The real thing that LLMs do that is bad for learning is that you don’t need to ask it the right question to find your answer. This is good if you already know the subject but if you don’t know the subject you’re not getting that reinforcement in your short term memory and you will find things you learned through LLMs are not retained as long as if you did more of it yourself.
nyrikki
8 hours ago
It is a bit more complicated, as it can be harmful for experts also, and the more reliable it gets the more problematic it becomes.
Humans suffer from automation bias and other cognitive biases.
Anything that causes disengagement from a process can be challenging, especially with long term maintainability and architectural erosion, which is mostly what I actively search for to try and avoid complacency with these tools.
But it takes active effort to avoid for all humans.
IMHO, writing the actual code has always been less of an issue than focusing on domain needs, details, and maintainability.

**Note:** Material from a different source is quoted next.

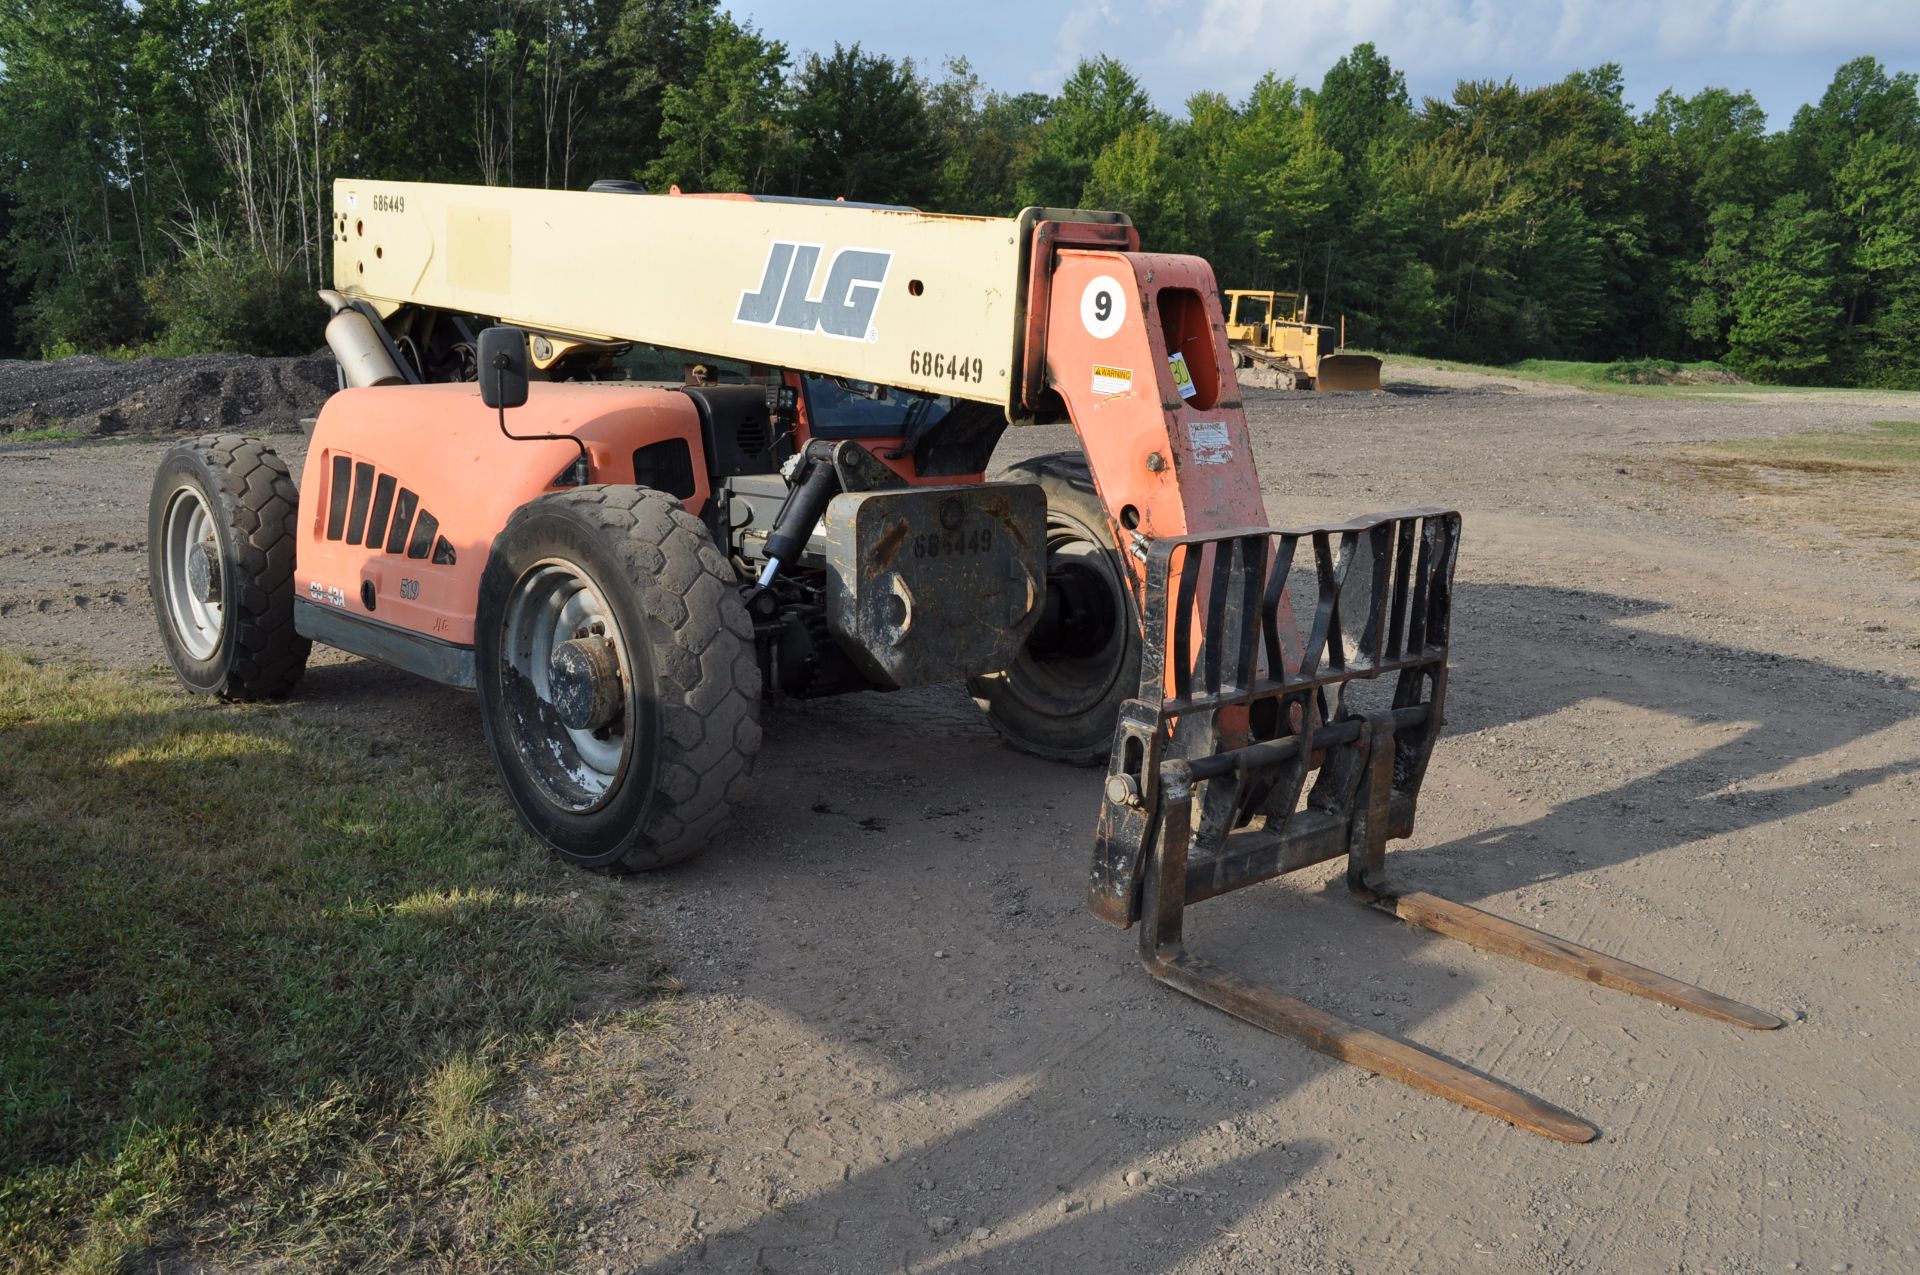 JLG G9-43A telehandler, 4x4, John Deere diesel, all wheel steer, 370/75-28 tires, cab, 6711 hrs - Image 2 of 29
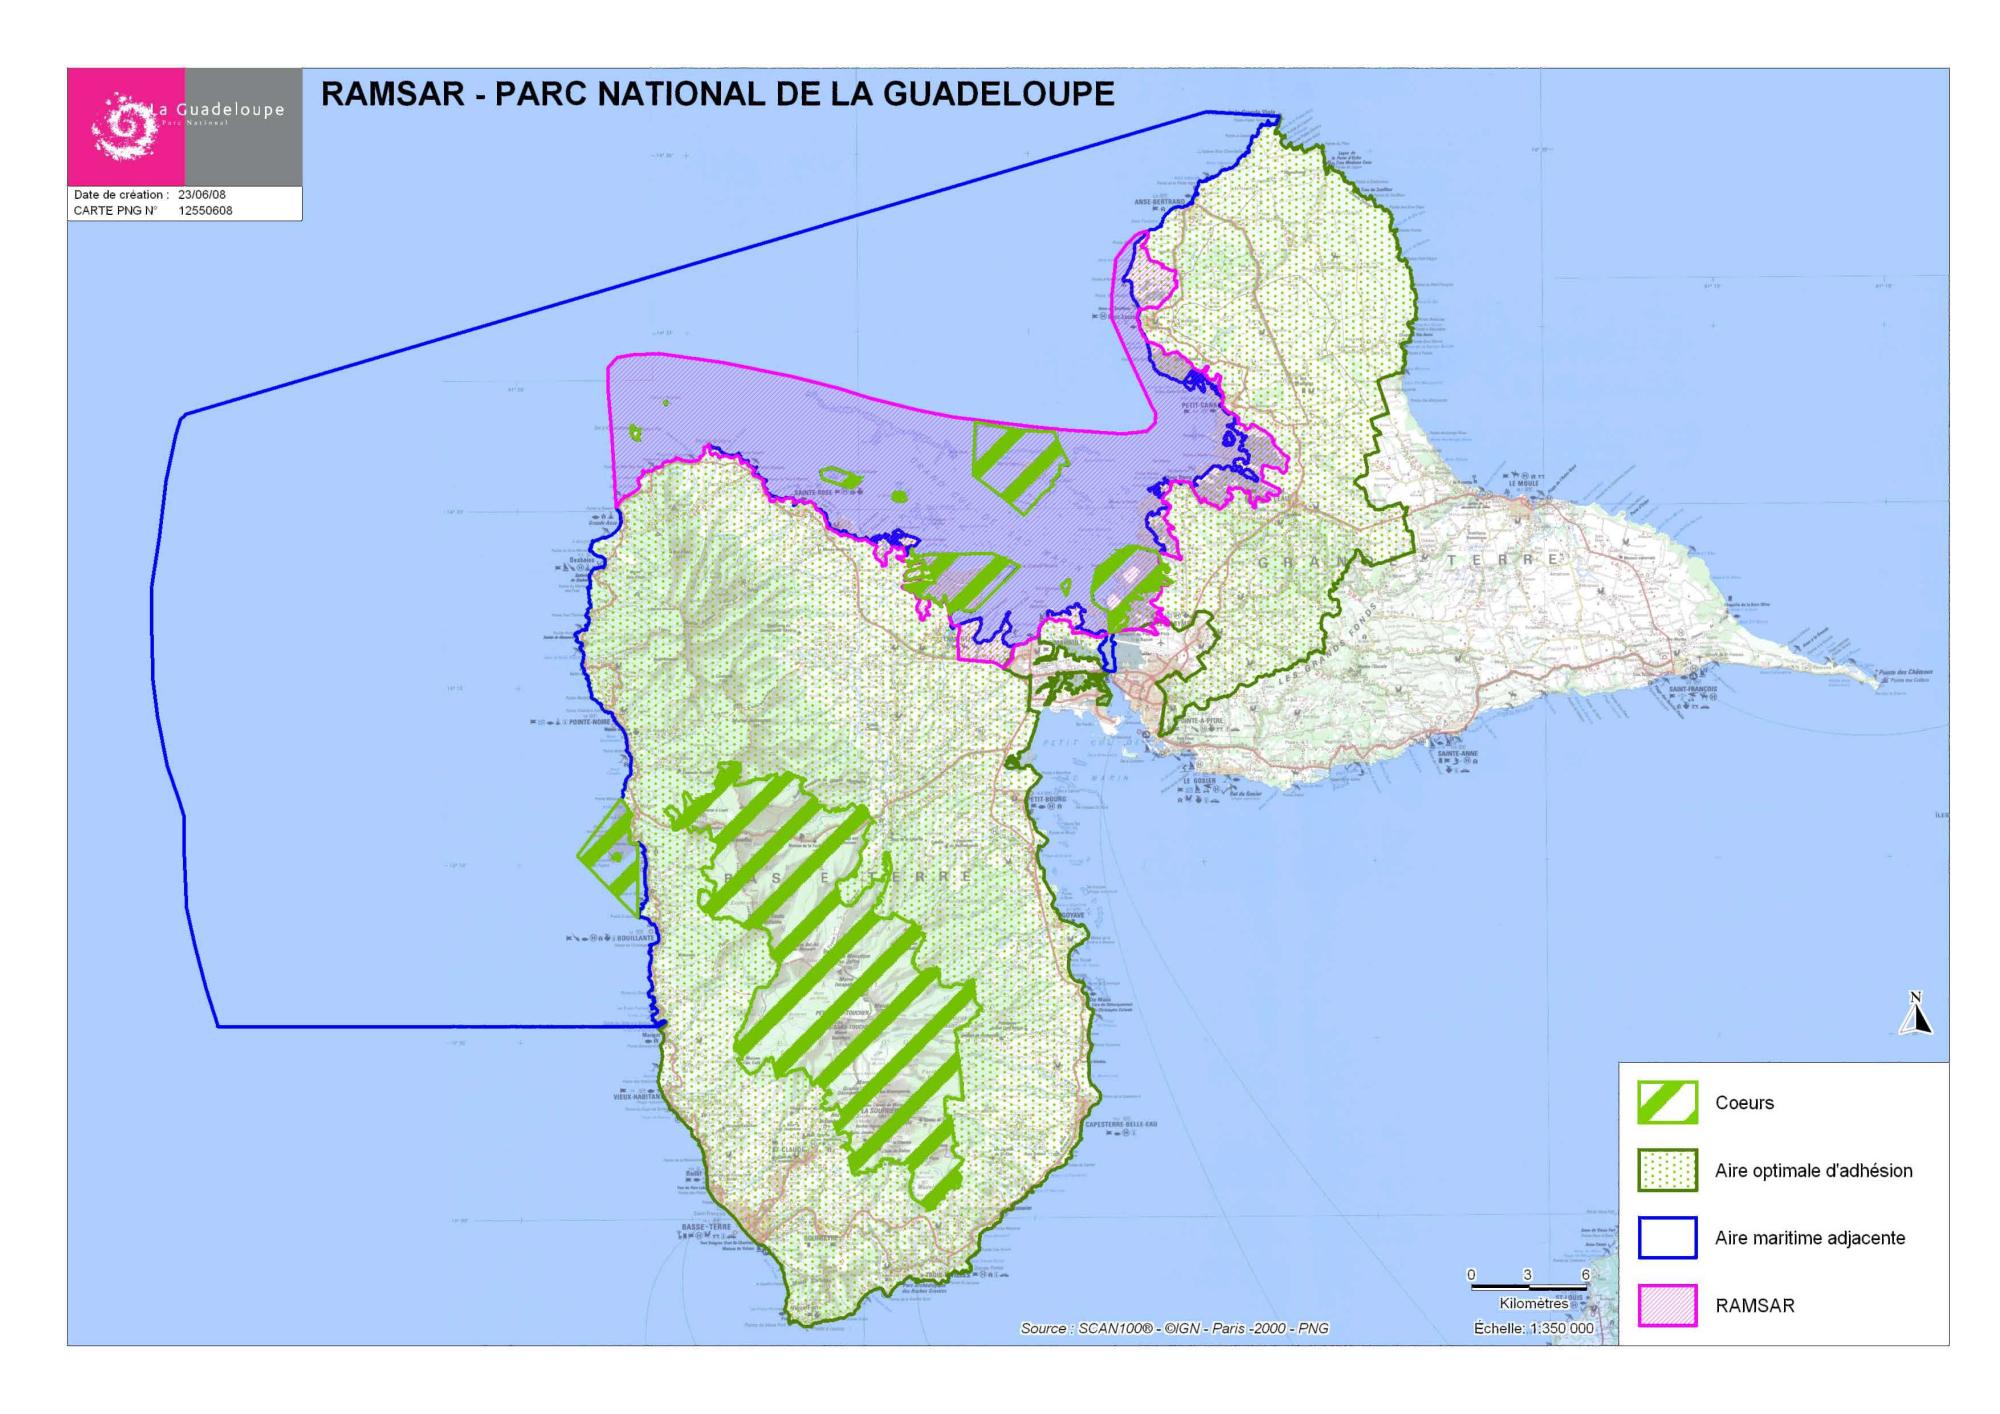 Carte site Ramsar au Parc national de la Guadeloupe.jpg

As distrusting automation is unfortunately one of the best methods of fighting automation bias I do try to balance encouraging junior individuals to use tools that boost productivity while making sure they still maintain ownership of the delivered product.
If you use the red-green refactor method, avoiding generative tools for the test and refactor steps seems to work.
But selling TDD in general can be challenging especially with Holmström's theorem, and the tendency of people to write implementation tests vs focusing on domain needs.
It is a bit of a paradox that the better the tools become, the higher the risk is, but I would encourage people to try the above, just don't make the mistake of copying the prompts required to get from red to green as the domain tests, there is a serious risk of coupling to the prompts.
We will see if this works for me long term, but I do think beginners manually refactoring with though could be an accelerator.
But only with intentionally focusing on learning why over time.
faizshah
7 hours ago
I completely reject this way of thinking. I remember when I was starting out it was popular to say you learn less by using an IDE and you should just use a text editor because you never learn how the system works if you rely on a run button or debug button or a WYSIWYG editor.
Well in modern software we stand on the shoulders of many many giants, you have to start somewhere. Some things you may never need to learn (like say learning git at a deep level when learning the concept of add, commit, rebase, pull, push, cherry pick and reset are enough even if you use a GUI to do it) and some thins you might invest in over time (like learning things about your OS so you can optimize performance).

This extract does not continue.